Marks shook his head. “Hell if I know.” He pushed his damp hair out of his face. “This place is messing with us again, right? Trying to stick with its own rules, but in a way that makes us doubt what we’re doing. So, following that, we’re on the right track and this is just the last room on it. This is where we’re supposed to be.”
Dee looked around. “Shit, of course it would be some creepy empty theater. I feel like there’s ghosts in all those seats, watchin’ us.”
Marks turned and set the Queen on the edge of the stage. “So I guess we still have to figure out what our next move is.”
Dee nodded, setting the King next to the Queen with careful attention, an almost gentle movement of her hand. She stared at the pair. “So, where do we go?”
Marks looked back at the doors. “Jellyfish. Exit. Fly. One of these things is not like the others.”
“Maybe on purpose,” Dee said. “What about backstage?”
Marks blinked, then turned to look at the stage again. A tattered red curtain hung along the back, and there were, of course, left and right exits that led behind it. “Well, shit,” he said. “Let’s take a look.”
They walked to the side of the stage and found a set of sagging old plywood steps that creaked and groaned under them as they climbed them. The grinding, snapping noise of the Collapse was louder, Marks, thought, and the constant vibration under his feet was palpable even when he wasn’t concentrating on it. Whether it was an illusion or not, whether it was designed to instill panic in them and keep them moving or if it was the real end of everything that was and had been their world, it was becoming too loud to ignore.
On stage they kicked up huge new clouds of dust, walking directly to the right side of the stage and ducking behind the curtain. To their disappointment, however, all they found was a blank wall, with just a narrow channel between the curtain and the wall to walk down to the other side. When they emerged back onto the stage, Marks mused on the essentially dramatic nature of the Black House: It was all sets, all props, all bullshit. It had taken pieces of their subconscious and fashioned them into a place that seemed real but was all just fakery.

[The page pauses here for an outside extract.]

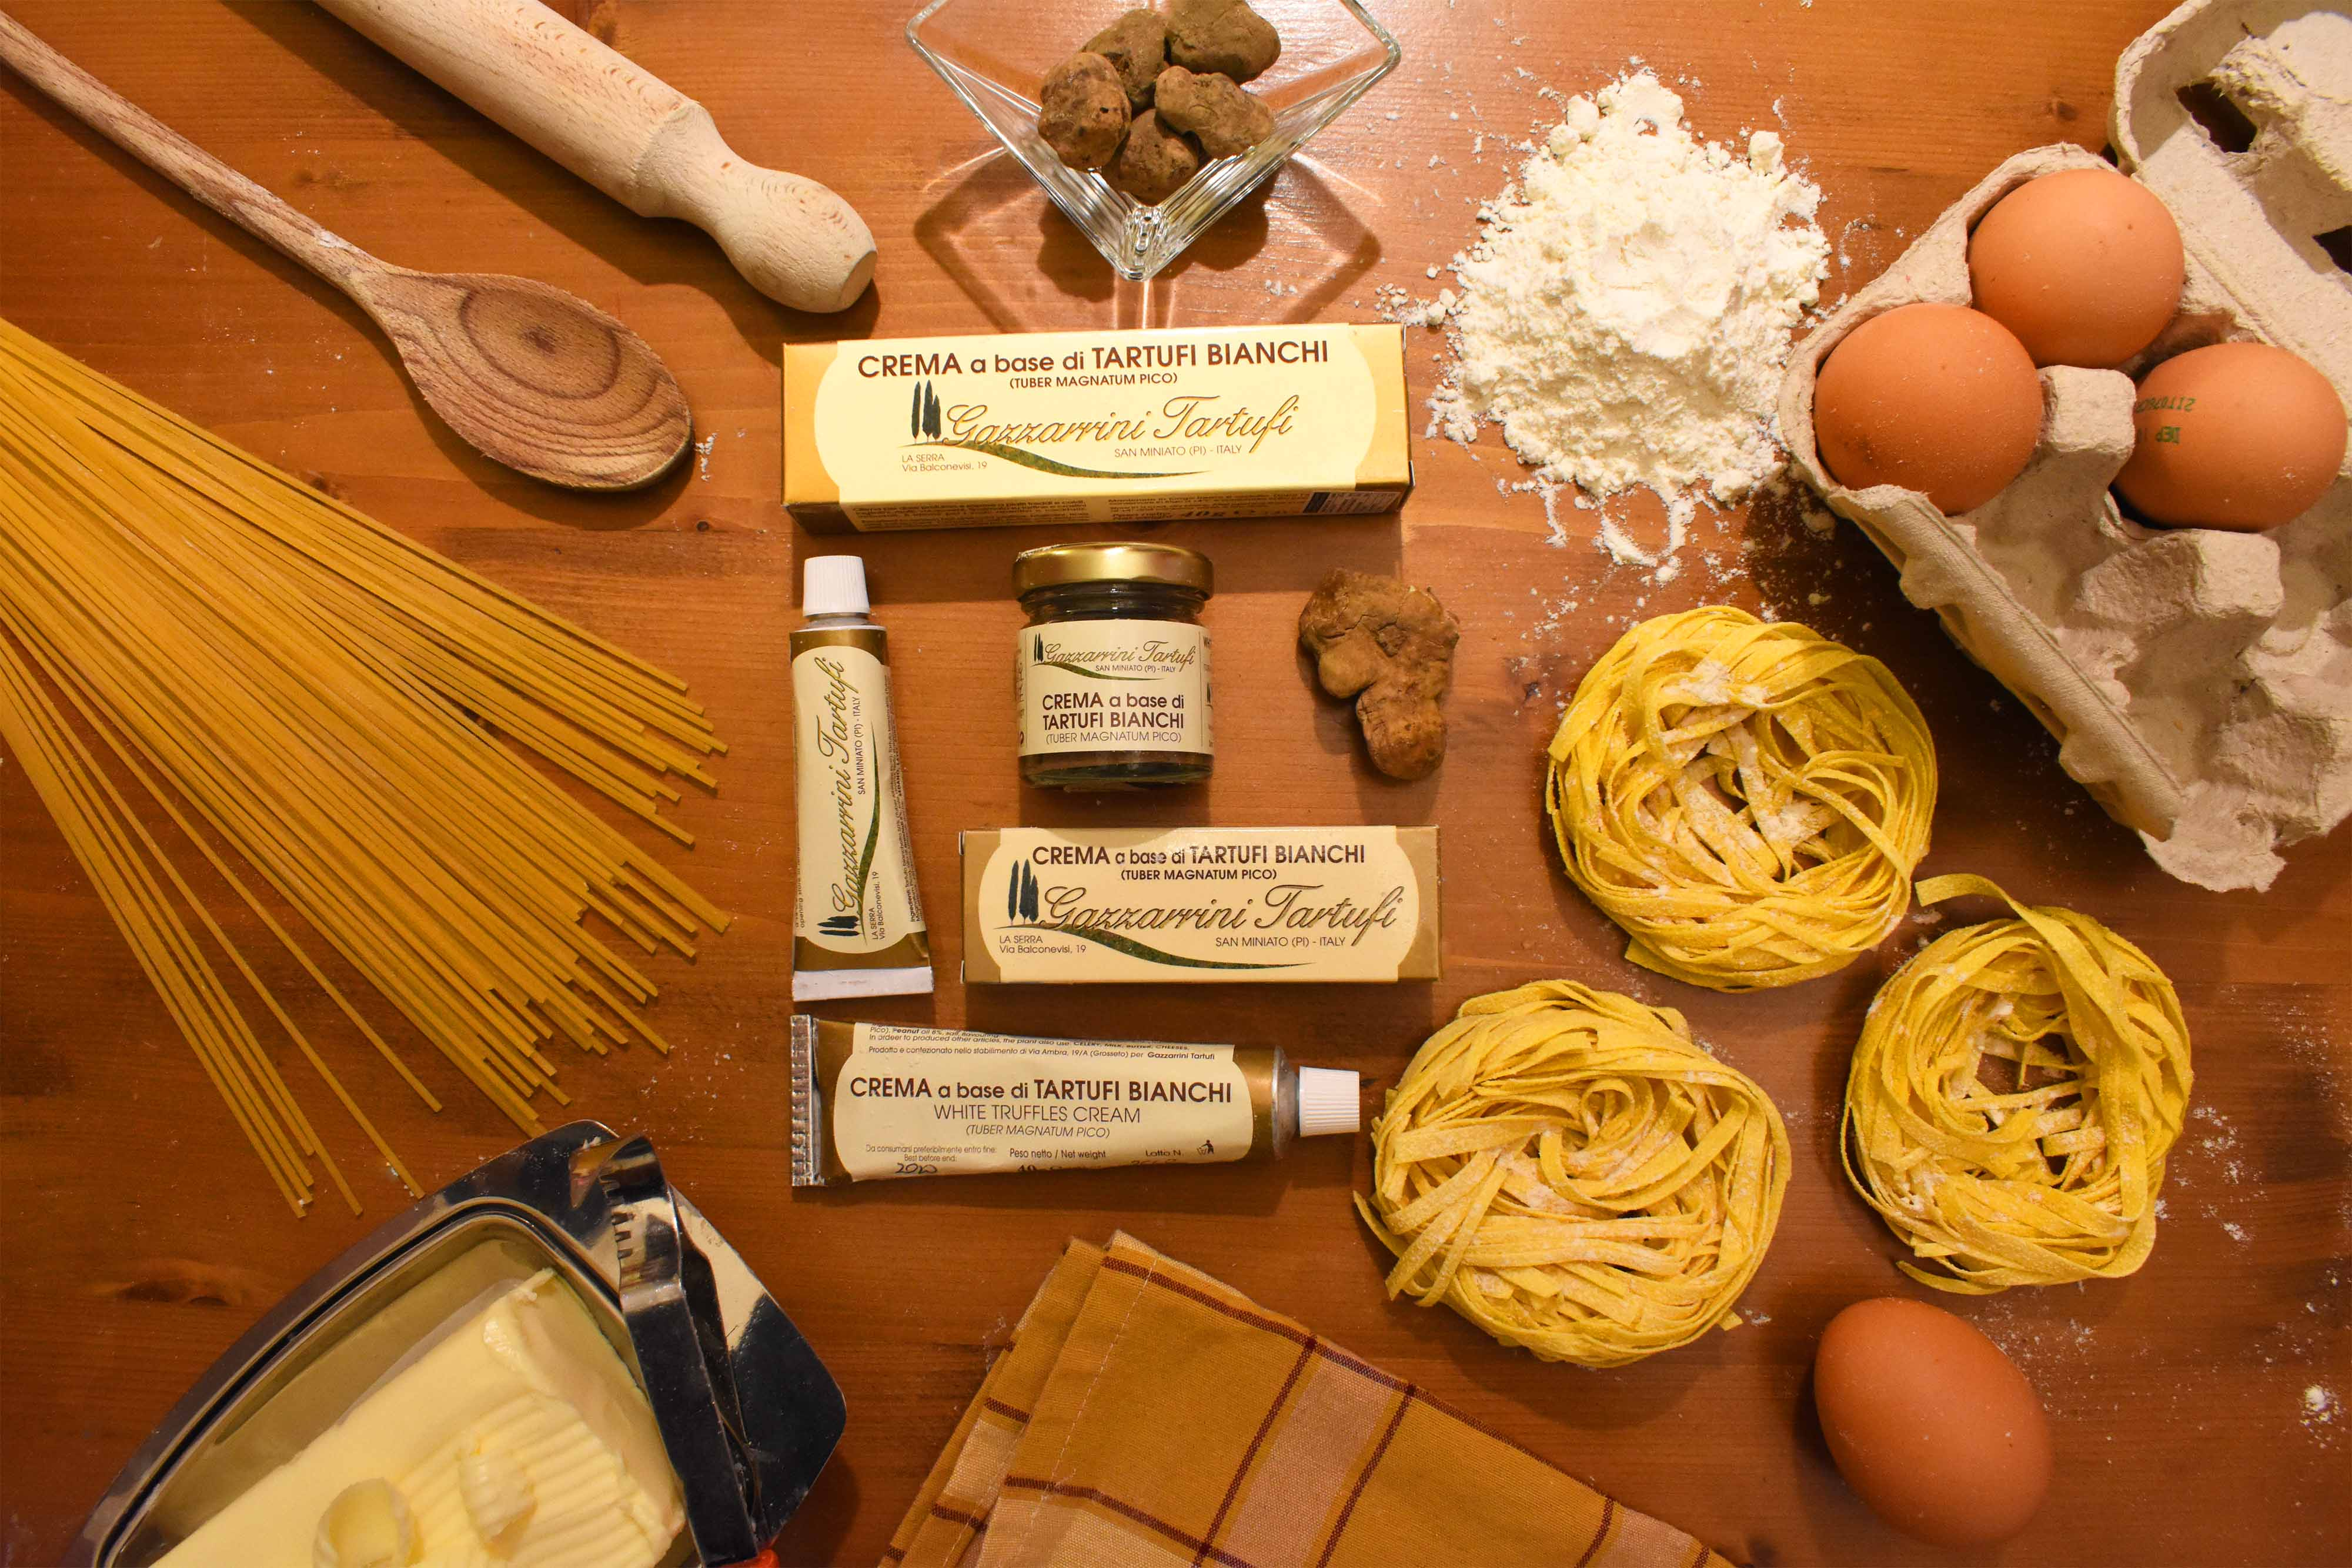 crema tartufi bianchi, tartufi di san miniato, gazzarrini

They wandered over to the instruments, covered in a thick line of dust. Dee reached out and touched one of the violins, and a string snapped with a loud snap. She snatched her hand away and thrust it into her mouth, stepping back with a grunt.
Marks didn’t try to touch anything, but he walked over to the music stands and leaned in to examine the sheet music. He paused, then leaned closer and blew the layer of dust off, squinting. He stared at the music for a long time; it was actually not musical notation. It was something called tablature, and he was suddenly aware that he understood this because he once played guitar, as a hobby. Tablature was a simplified system of notation, and he could read it perfectly well.

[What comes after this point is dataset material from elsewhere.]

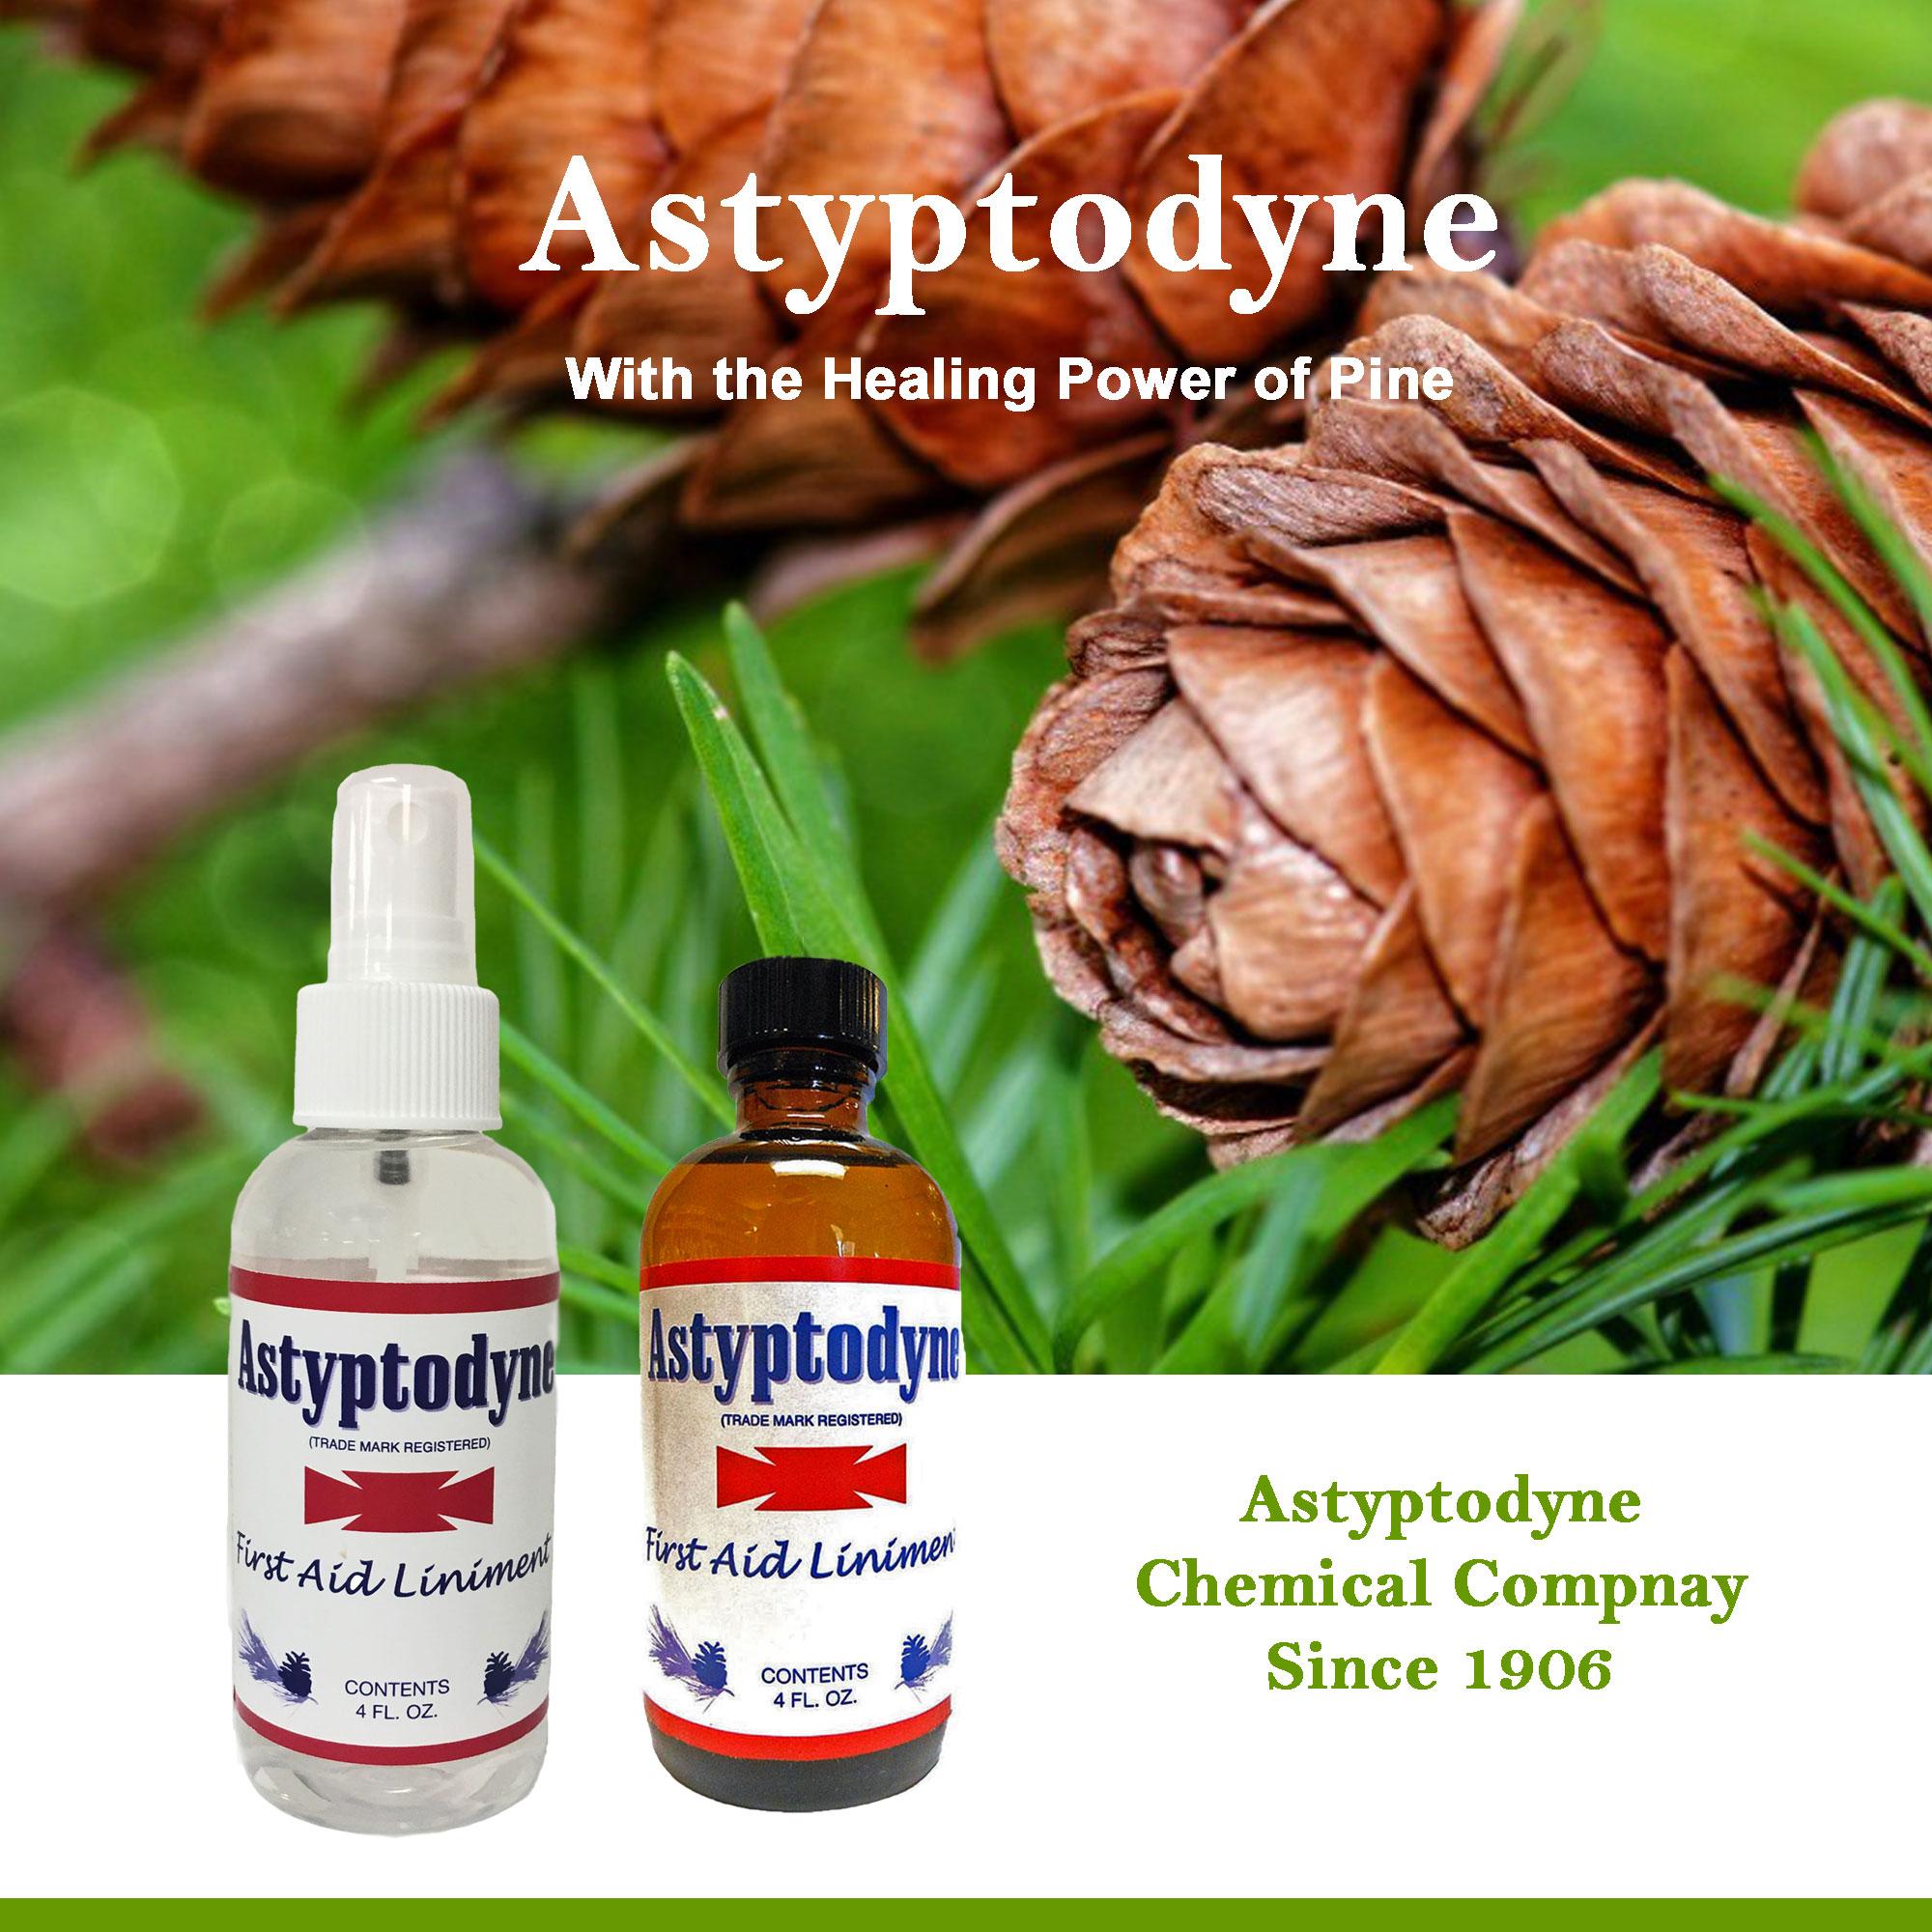 Astyptodyne Chemical Co

After a moment he straightened up, and studied the hall around them.
“Come on,” he said. “I know which way to go.”
He leaned forward and slid the first sheet from the nearest stand and held it in his hand, studying it.
Dee frowned. “What door? How do you know?”
He continued to stare at the music for a few moments, and when he turned to look at her, she was startled to see his eyes shining with sudden tears.
“The Exit,” he said with a horrible, warped smile. “Of course. So obvious you doubt yourself.”
“How do you know?” she repeated.
He shrugged, gesturing at the sheet music and turning towards the steps. “Because I know this song.”